== Supplied material ==

▬▬▬▬▬▬

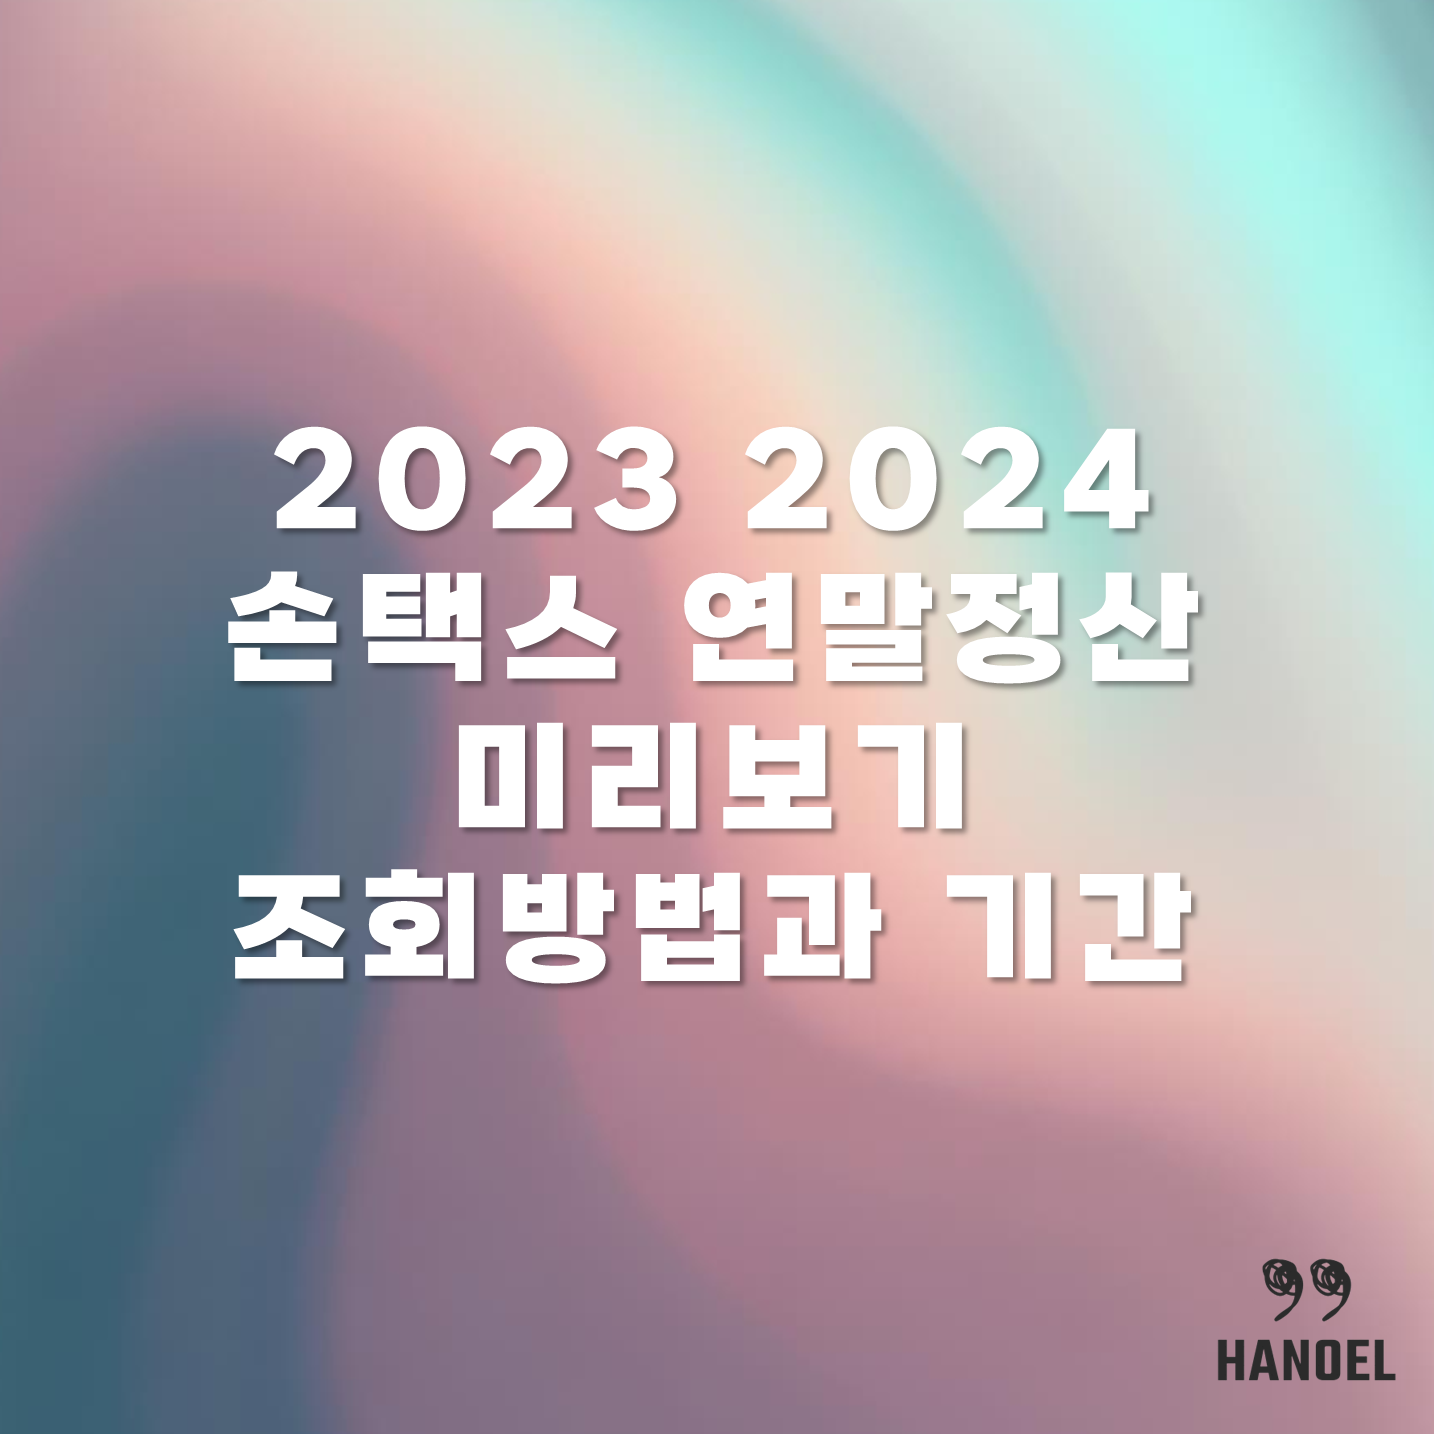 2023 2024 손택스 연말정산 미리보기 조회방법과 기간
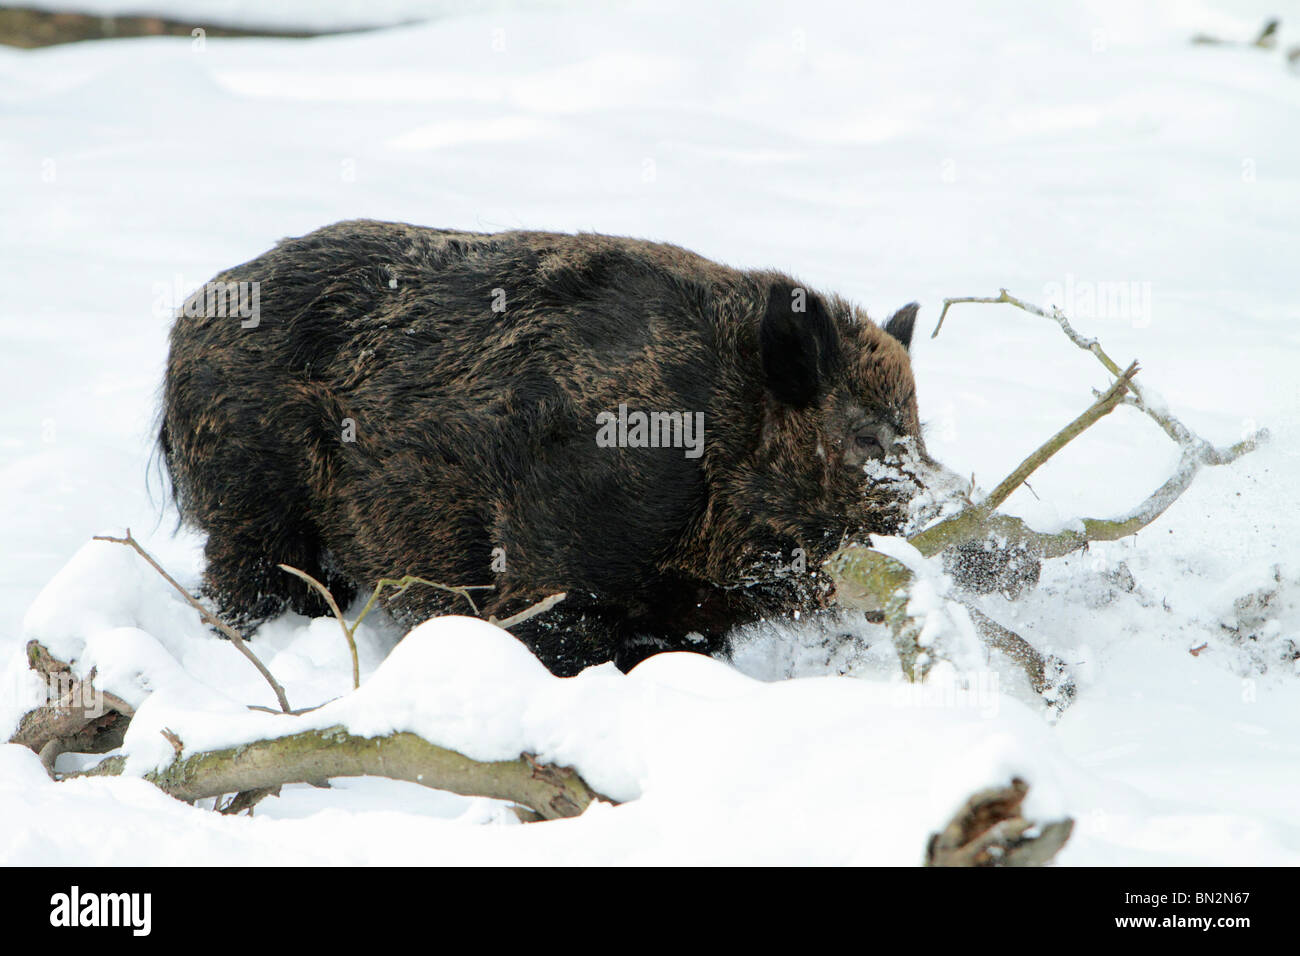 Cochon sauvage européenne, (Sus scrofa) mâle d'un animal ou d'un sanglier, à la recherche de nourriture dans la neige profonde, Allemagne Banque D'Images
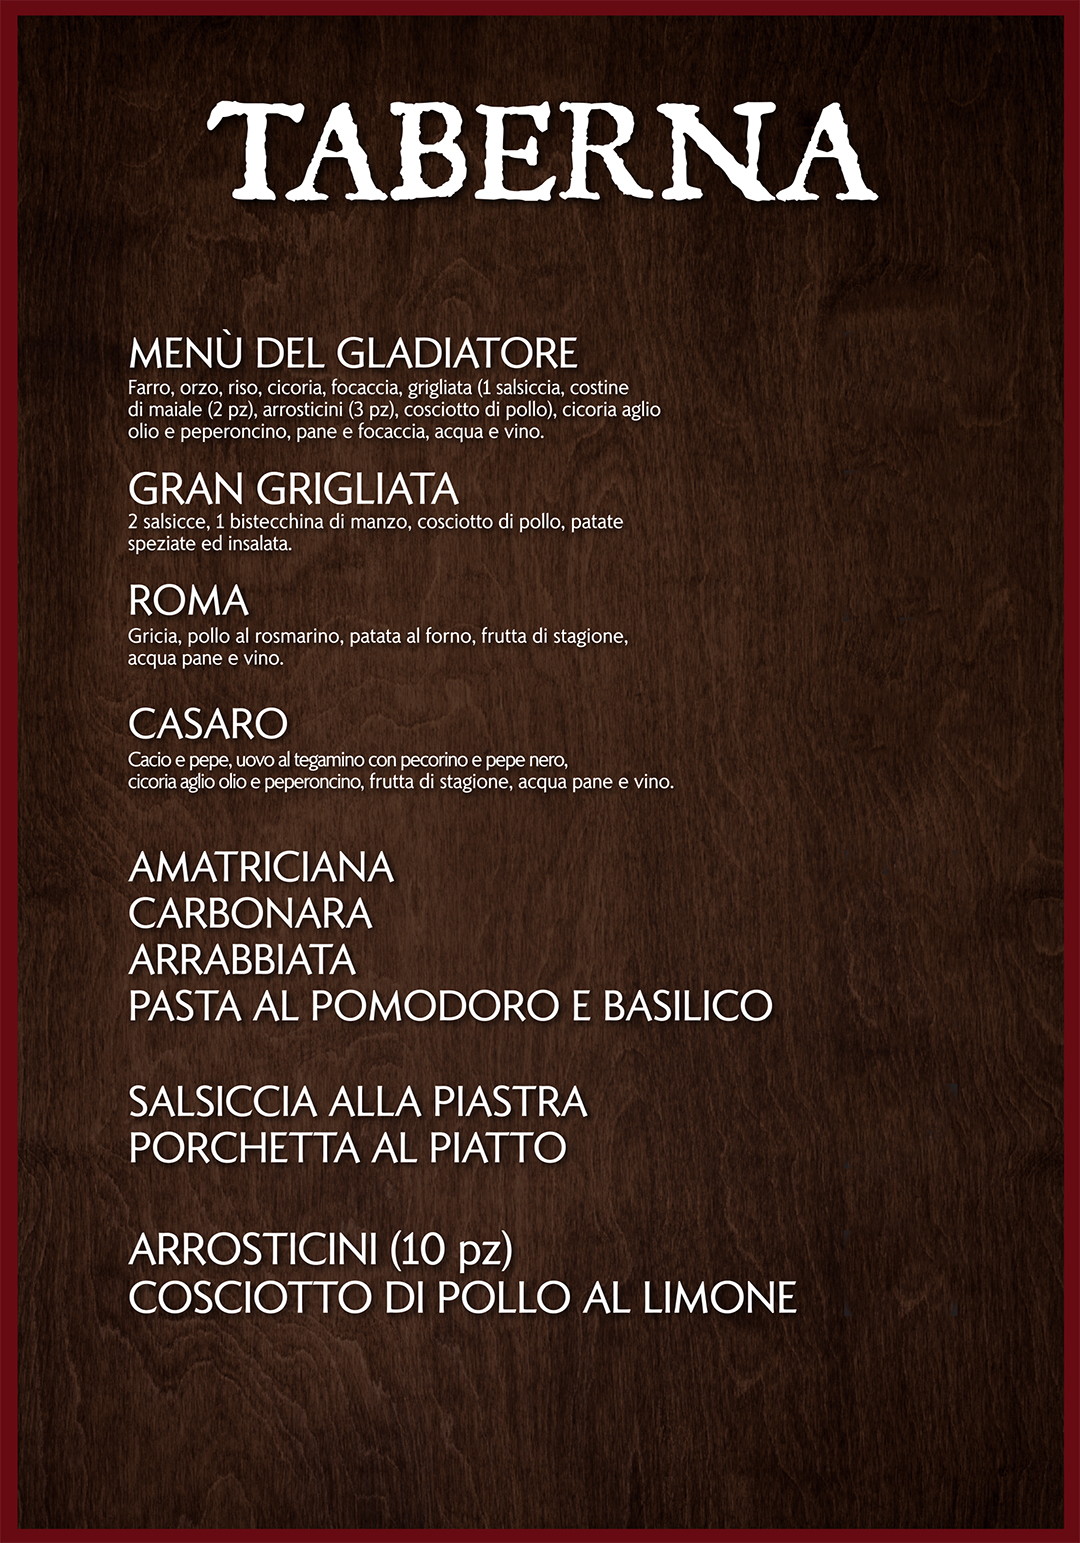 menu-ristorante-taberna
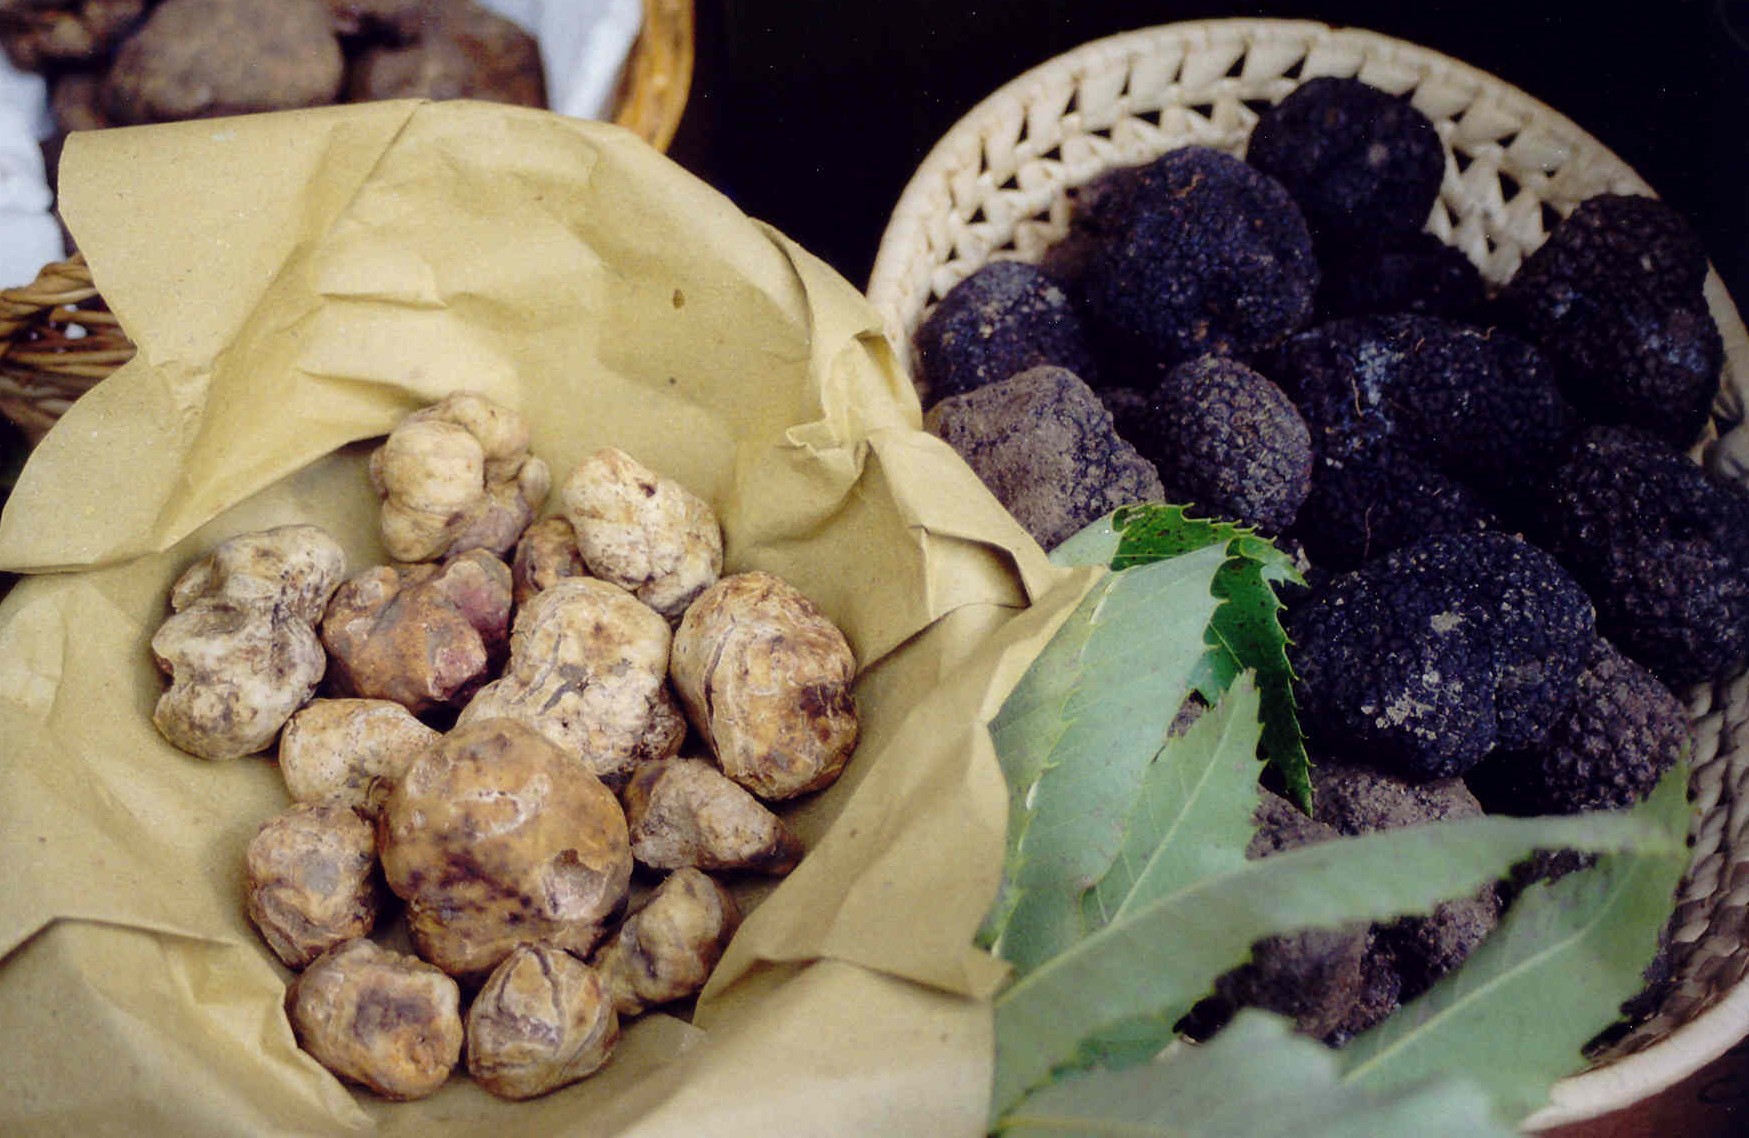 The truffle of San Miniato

▬▬▬▬▬▬

== Task goal ==
Copy the listing exactly. Any image in it stays out of the copy.

== Answer below ==
 2023 2024 손택스 연말정산 미리보기 조회방법과 기간
 Cochon sauvage européenne, (Sus scrofa) mâle d'un animal ou d'un sanglier, à la recherche de nourriture dans la neige profonde, Allemagne Banque D'Images
 menu-ristorante-taberna
 The truffle of San Miniato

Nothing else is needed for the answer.